Bull played 15 times in 1938, but passed 50 only three times and scored under 500 runs in the season. In late May 1939, during the weekend of the match against Essex at Chelmsford, he was killed in a car accident which also left his team-mate Syd Buller injured.

==Table Tennis career==
Bull spent his winters playing table tennis and was one of the top players in England. He represented England several times in the World Table Tennis Championships. In the 1928 Stockholm World Championship, he was one of the three teenagers in the English team with Fred Perry and Adrian Haydon.

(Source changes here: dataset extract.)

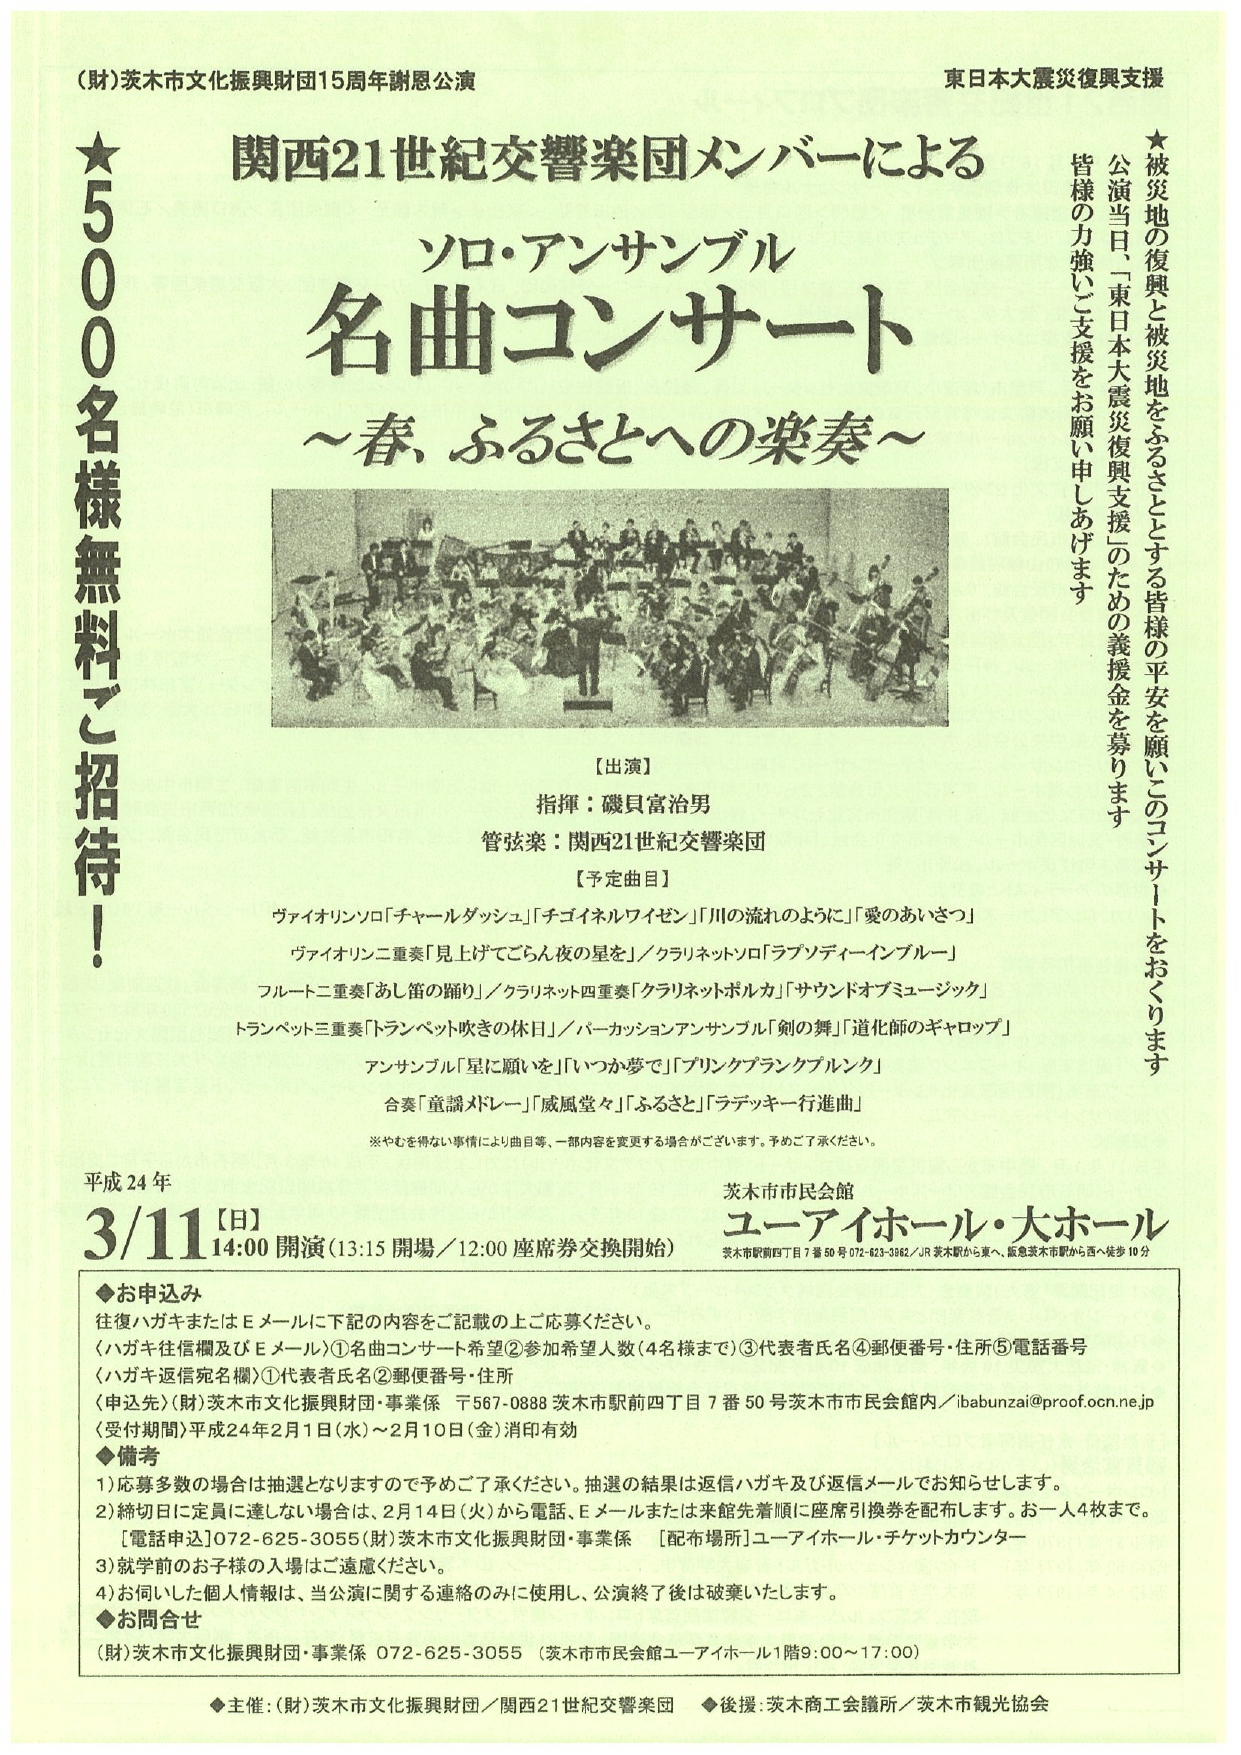 財団15周年謝恩公演／東日本大震災復興支援 関西21世紀交響楽団のメンバーによるソロ・アンサンブル 「名曲コンサート」～春、ふるさとへの楽奏～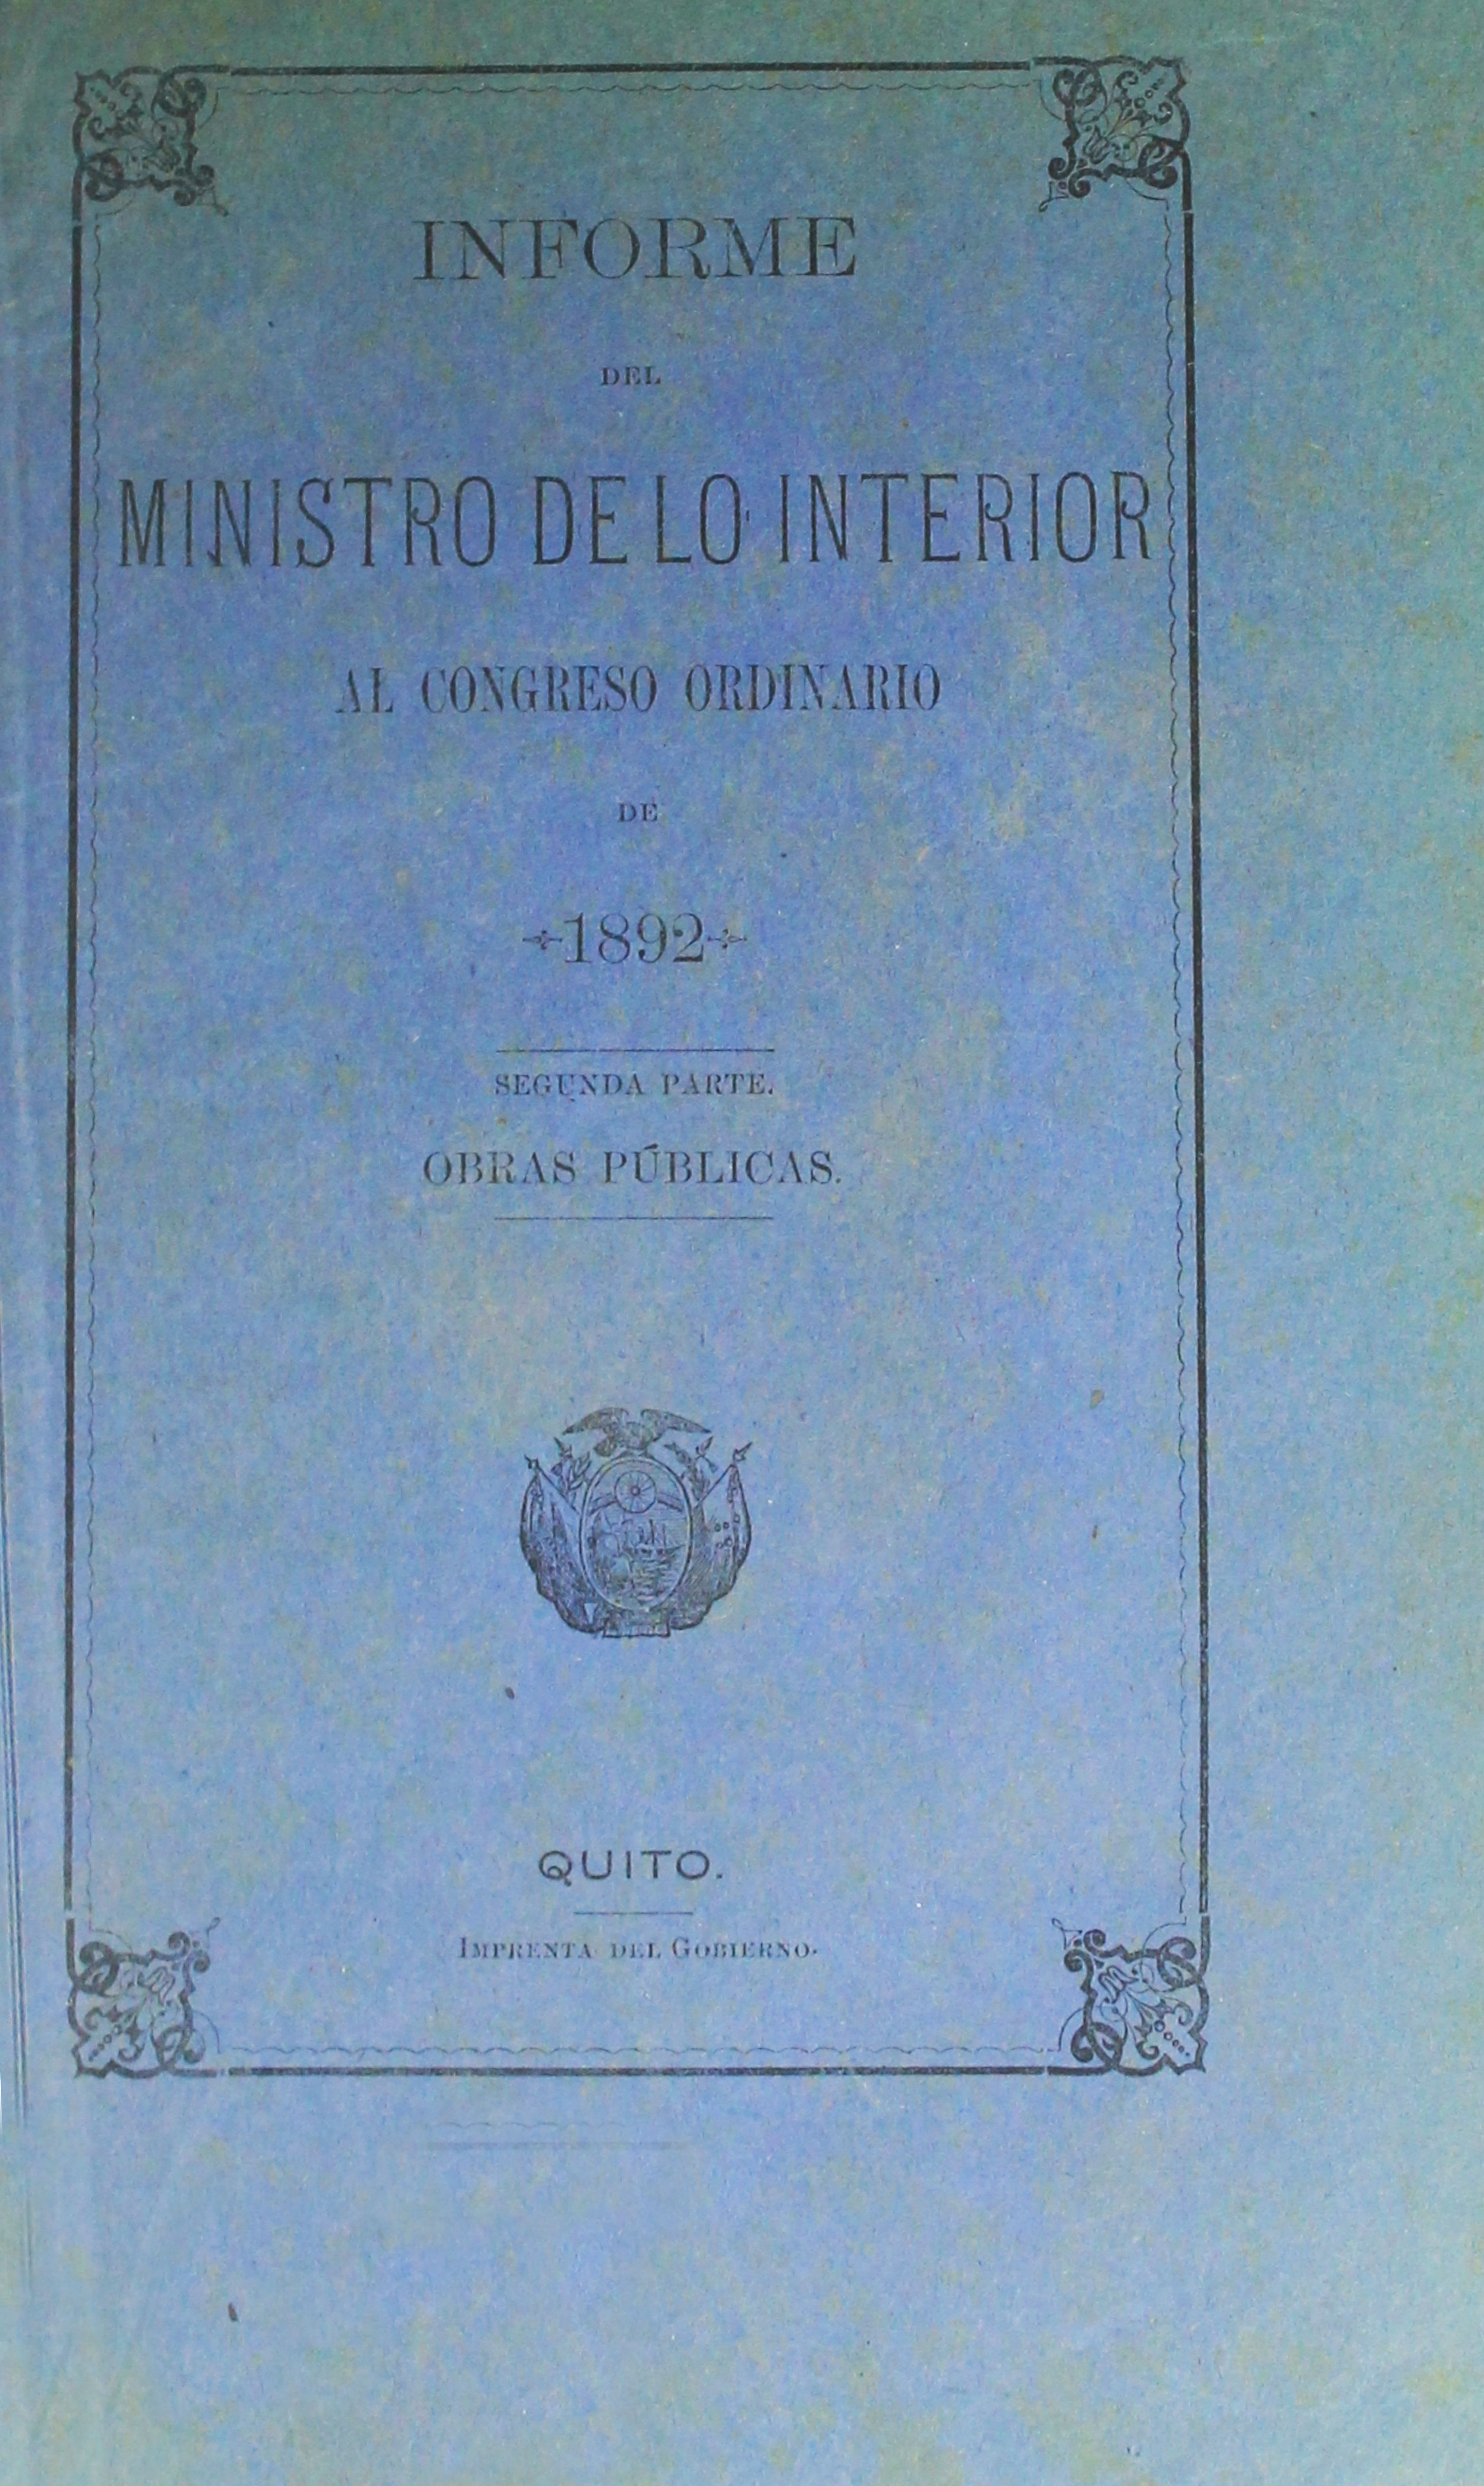 Informe del Ministro de lo Interior al Congreso Ordinario de 1892 : Segunda parte : Obras Públicas

The England team pulled off a sensation defeating the World Champions Hungary 7–2 in the league. In his three matches, Bull defeated the defending champion Roland Jacobi, and Zoltán Mechlovits and Laszlo Bellak who would play the singles final in 1928. In the three-way play-off to decide the medals, England lost to Austria and Hungary after Fred Perry twisted his ankle. Bull again defeated Mechlovits but lost to Bellak. Bull won a silver in 1931, and another bronze in 1929 with the England team. With Perry, Bull won a silver in men's doubles in 1928. Perry would go on to win three Wimbledon tennis singles titles in the 1930s. Bull also won bronzes in 1928 and 1932 for mixed doubles and men's doubles respectively. The Prague tournament of 1932 was the last time he represented England in table tennis.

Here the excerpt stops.